(Recorded data)
____
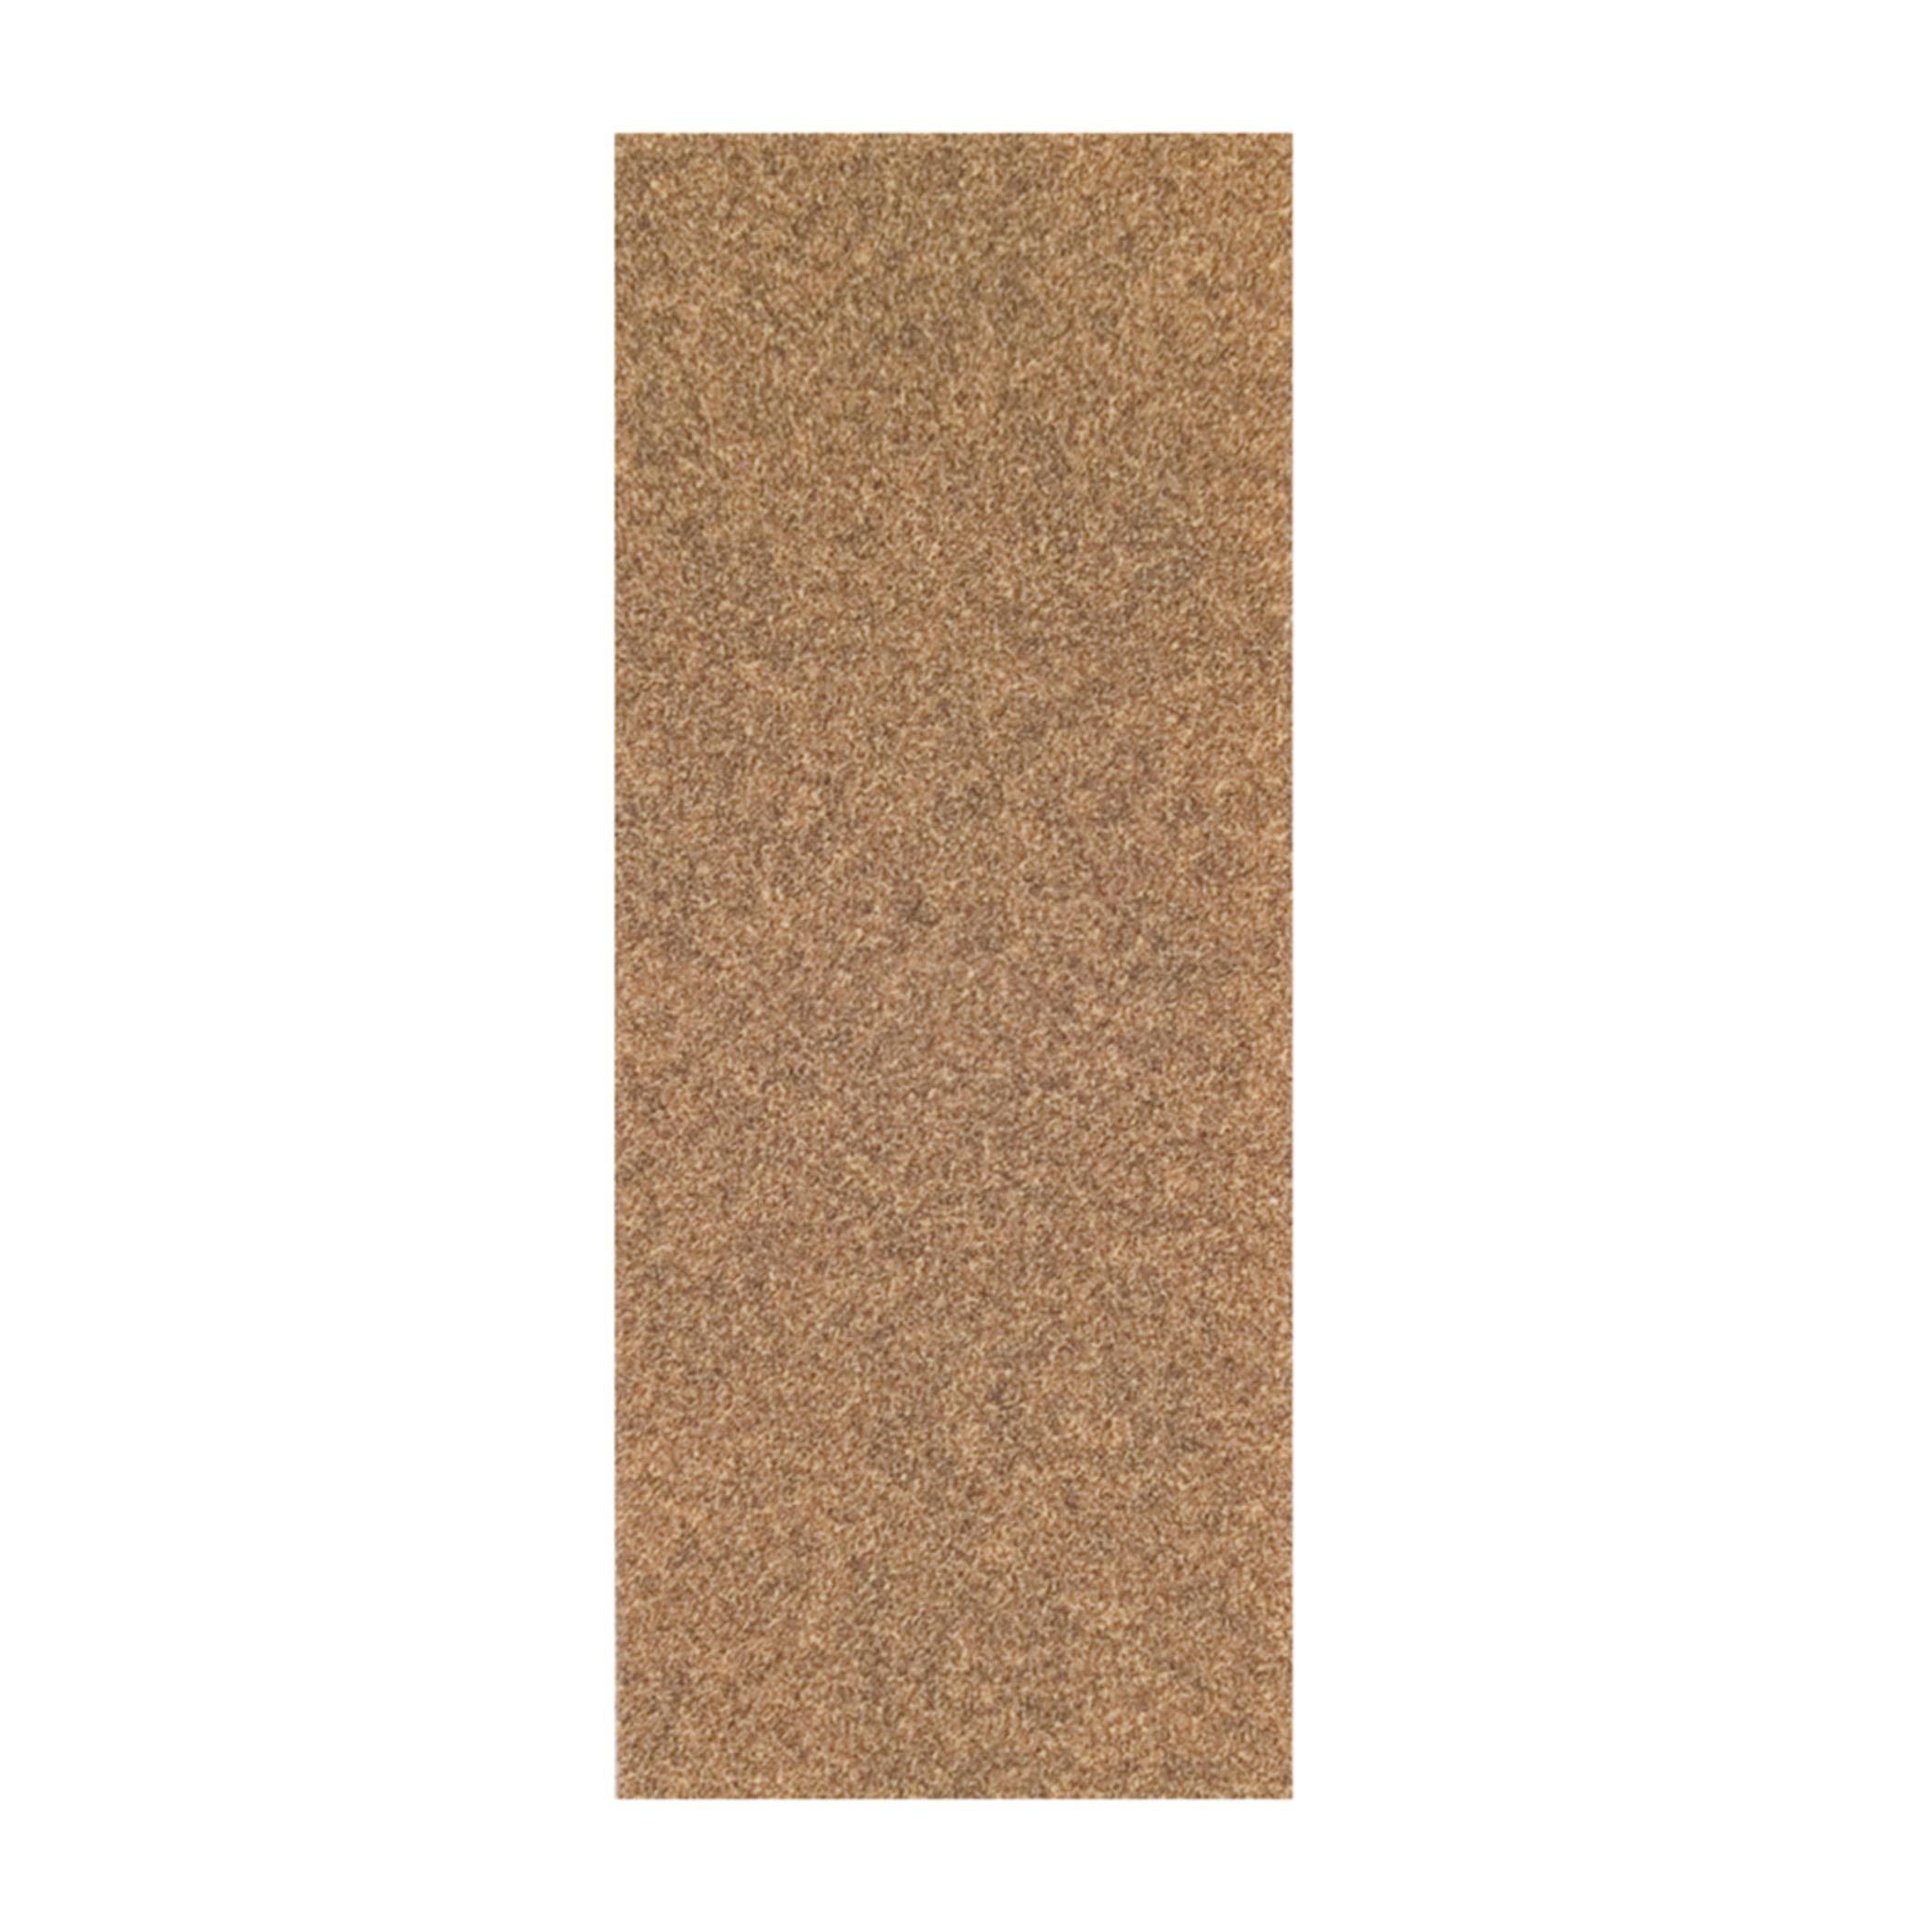 Norton® Adalox® 66261102895 A213 Coated Sandpaper Cut Sheet, 9 in L x 3-2/3 in W, P120 Grit, Fine Grade, Aluminum Oxide Abrasive, Paper Backing
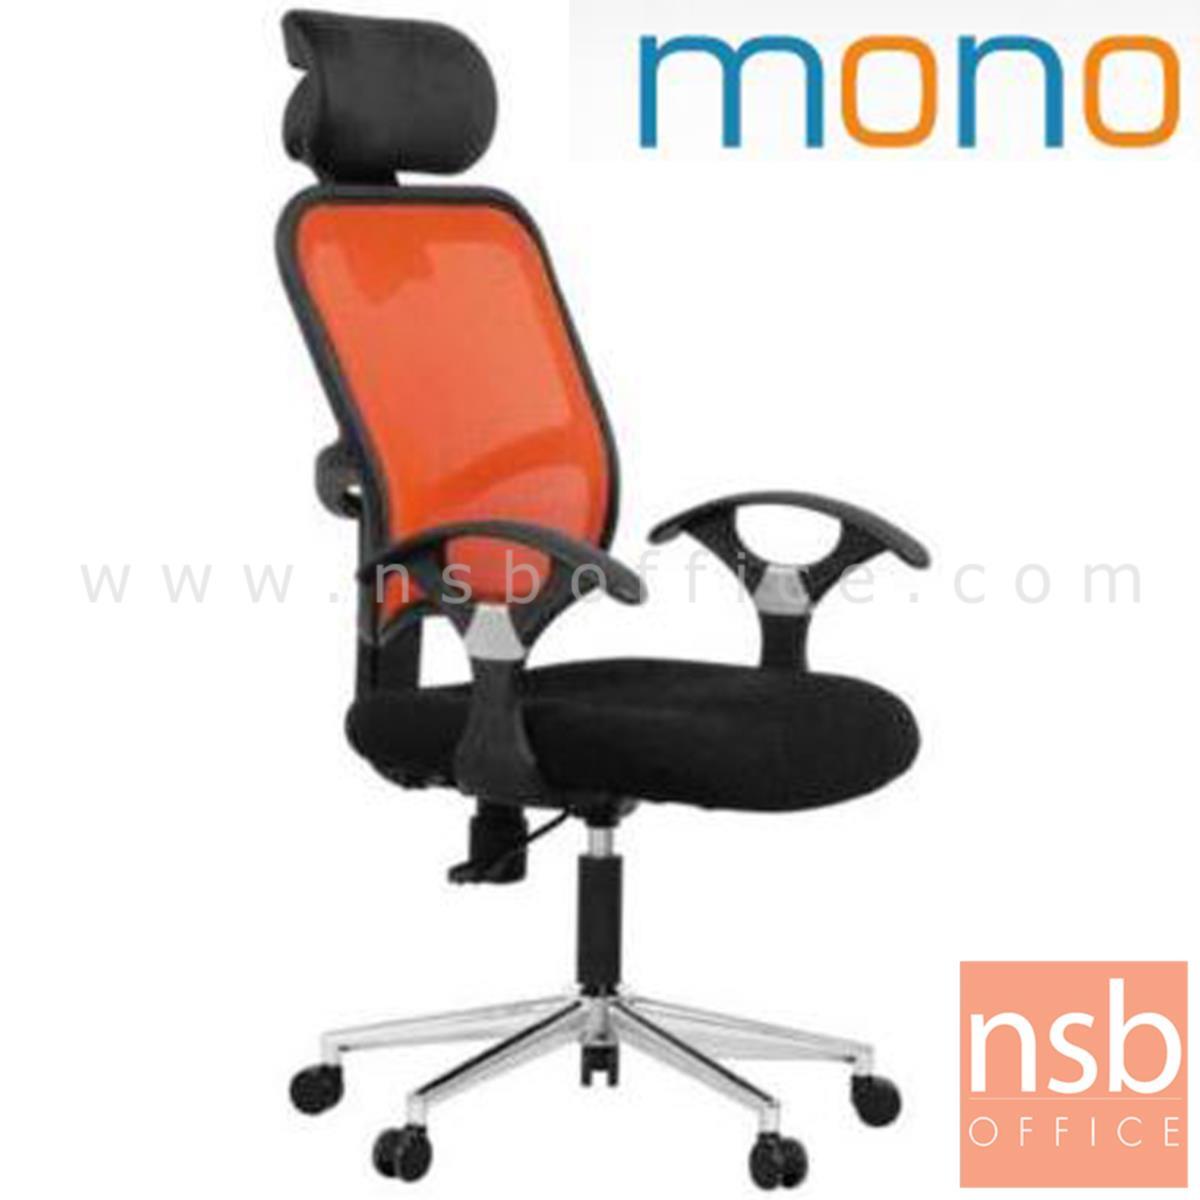 เก้าอี้ผู้บริหารหลังเน็ต รุ่น JOTUN_JO 02/H โช๊คแก๊ส มีก้อนโยก ขาพลาสติก
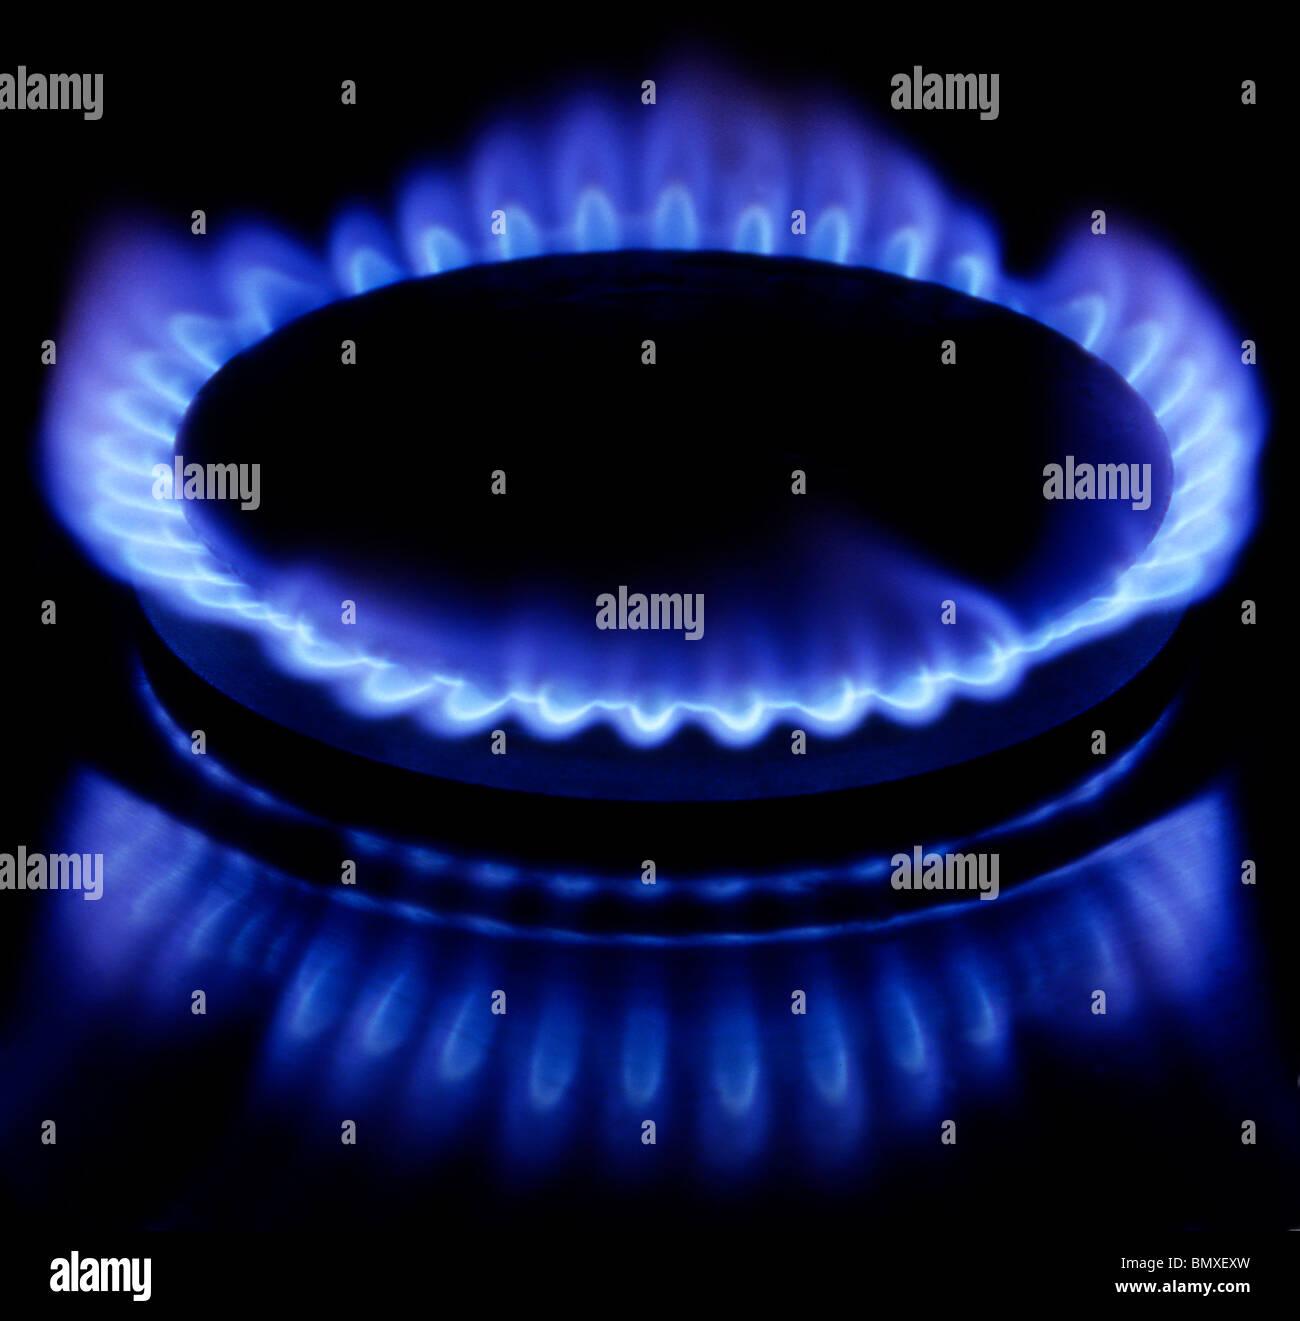 Burning gas of a kitchen range - Stock Image
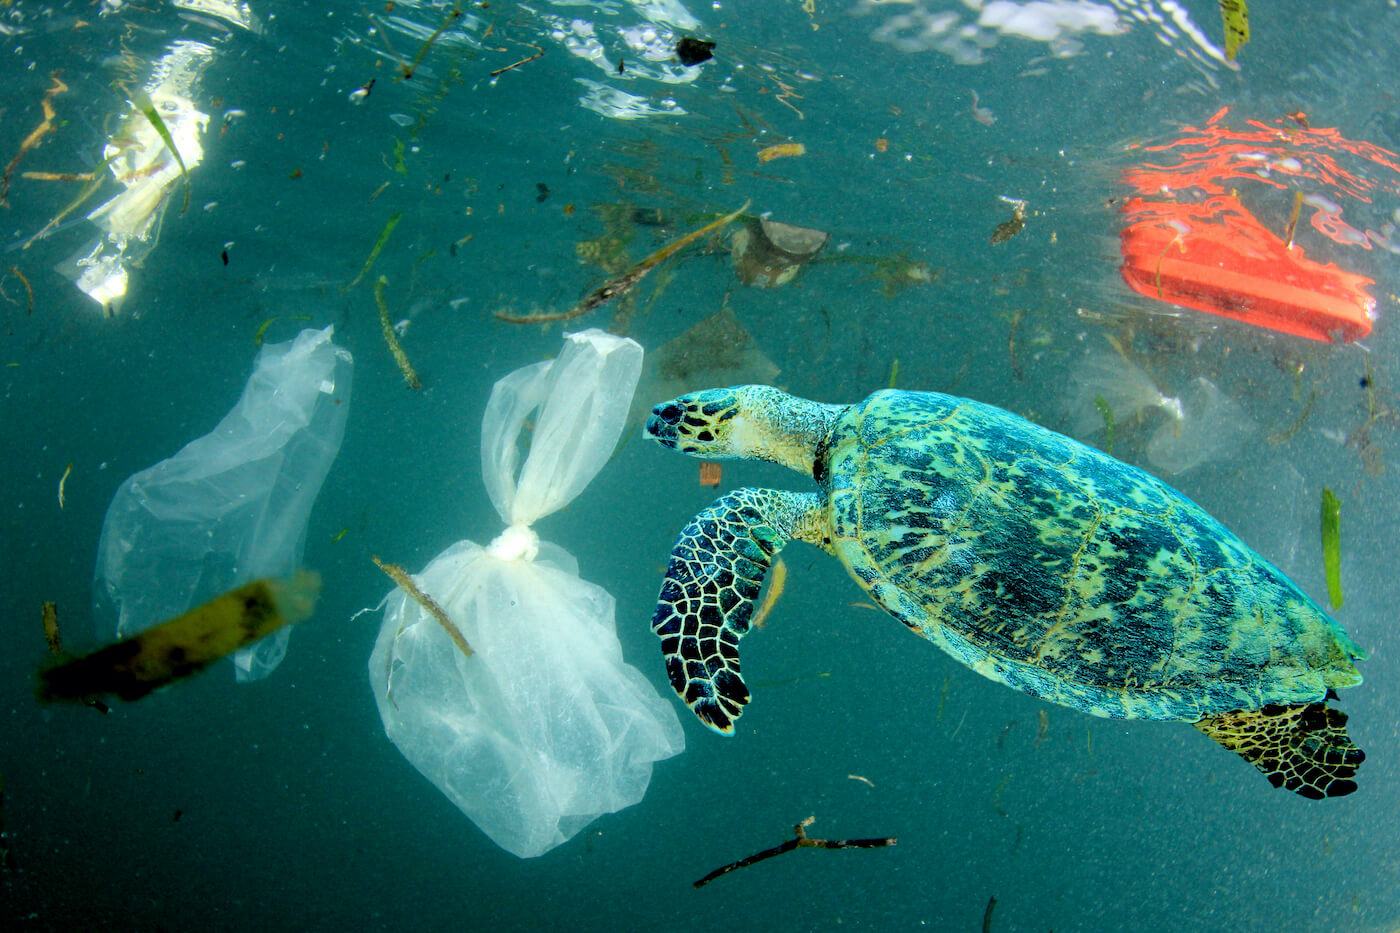 増え続ける海洋ごみ】今さら聞けない海洋ごみ問題。私たちに何ができる ...
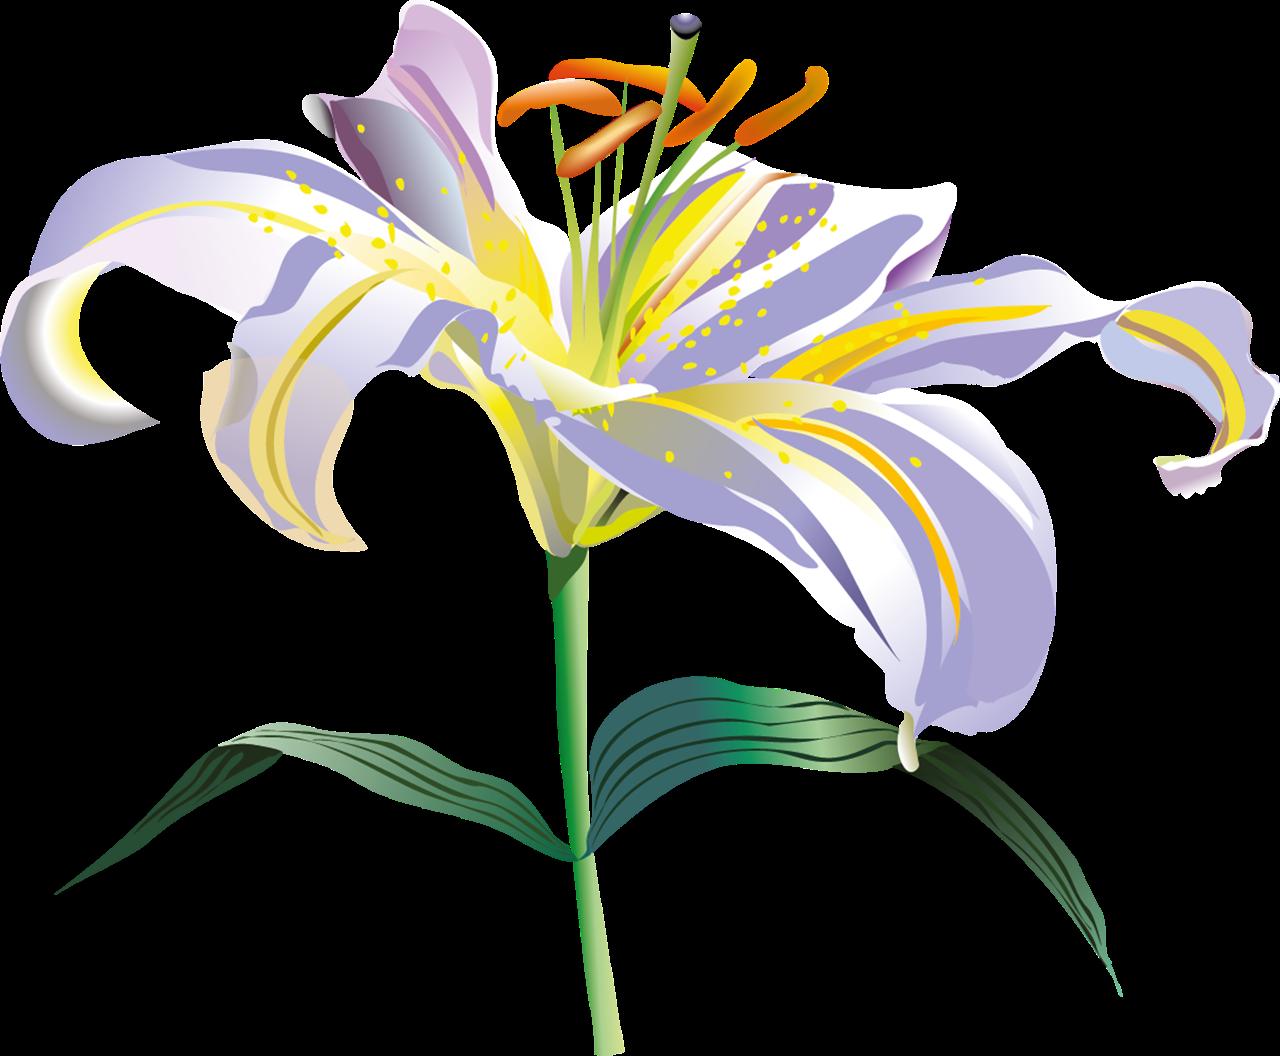 Imagenes De Flores Transparentes
____
▸ About this task
Produce the entries again, word for word, without any of their pictures.

▸ Expected answer
 Norton® Adalox® 66261102895 A213 Coated Sandpaper Cut Sheet, 9 in L x 3-2/3 in W, P120 Grit, Fine Grade, Aluminum Oxide Abrasive, Paper Backing
 เก้าอี้ผู้บริหารหลังเน็ต รุ่น JOTUN_JO 02/H โช๊คแก๊ส มีก้อนโยก ขาพลาสติก
 Burning gas of a kitchen range - Stock Image
 増え続ける海洋ごみ】今さら聞けない海洋ごみ問題。私たちに何ができる ...
 Imagenes De Flores Transparentes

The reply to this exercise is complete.